Elon Musk was nagged by lingering doubts and unexpected difficulties for his plan to take Tesla Inc. private, which led to his surprise announcement late Friday night that the electric-car maker would remain a public company, the Wall Street Journal reported Sunday.
Musk, Tesla’s chief executive, told the board of directors Thursday that he was no longer pursuing the deal, the Journal said.
While Musk believed he had enough funding available to go private, the buyout would have forced out some of his most supportive mutual-fund investors, potentially to be replaced by rival car-makers, the Journal reported, and it would likely have replaced small investors — many of whom were electric-car fanatics — with larger, institutional investors.

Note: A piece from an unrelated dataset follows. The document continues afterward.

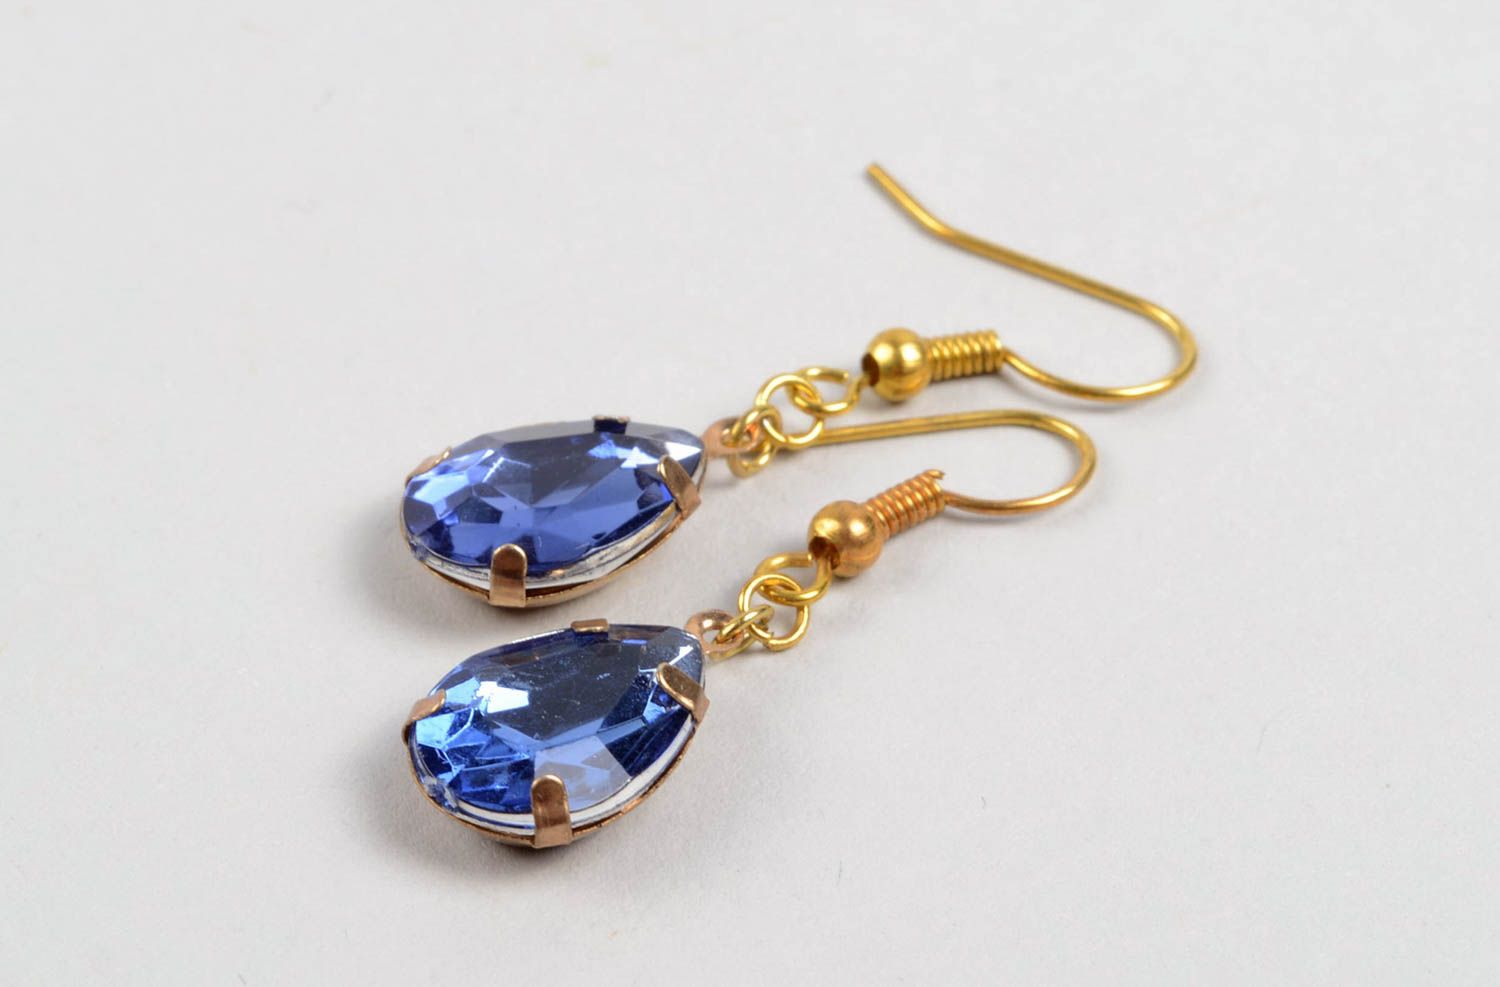 Stylish earrings designer jewelry handmade earrings fashion accessories photo 1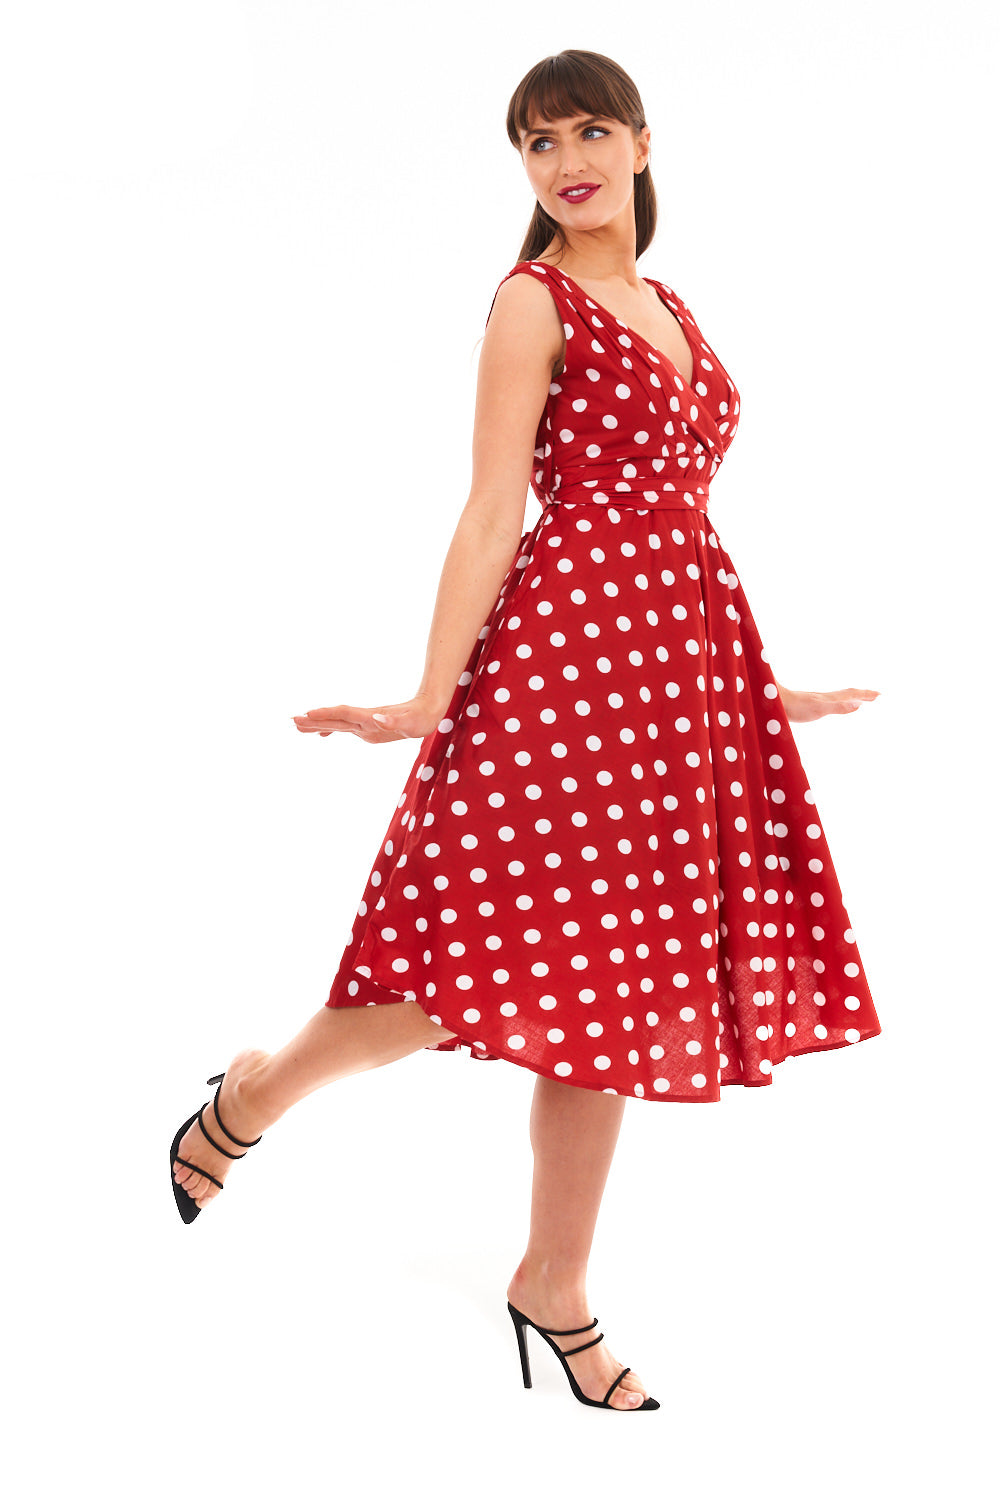 Ladies Retro Vintage 1950's Rockabilly Swing Polka Dot Dress in Red

Musk told the Journal that it was unlikely Tesla would try — or be able — to go private in the future.
In an article that detailed how Musk’s go-private plan unraveled, the Journal said “Musk seemed to view such a complex corporate transaction as an engineering problem he could solve,” but eventually soured on the strings that would be attached to private investments.
Tesla’s board, which was wary of the go-private plan to begin with, was apparently relieved when Musk scuttled it, with one board member saying “Woohoo,” the Journal reported.
Read the complete report: Public bravado, private doubts: Inside the unraveling of Elon Musk’s Tesla buyout
Musk is still reportedly under investigation by the Securities and Exchange Commission for possibly misleading investors about having “funding secured” to go private.
Tesla stock TSLA, +0.85% soared 11% to $379.57 on Aug. 7, the day Musk tweeted about his plan, but closed Friday at $322.82, down almost 6% over that period. The stock is up 3.7% year to date, compared to the S&P 500’s SPX, +0.62% 7.5% rise.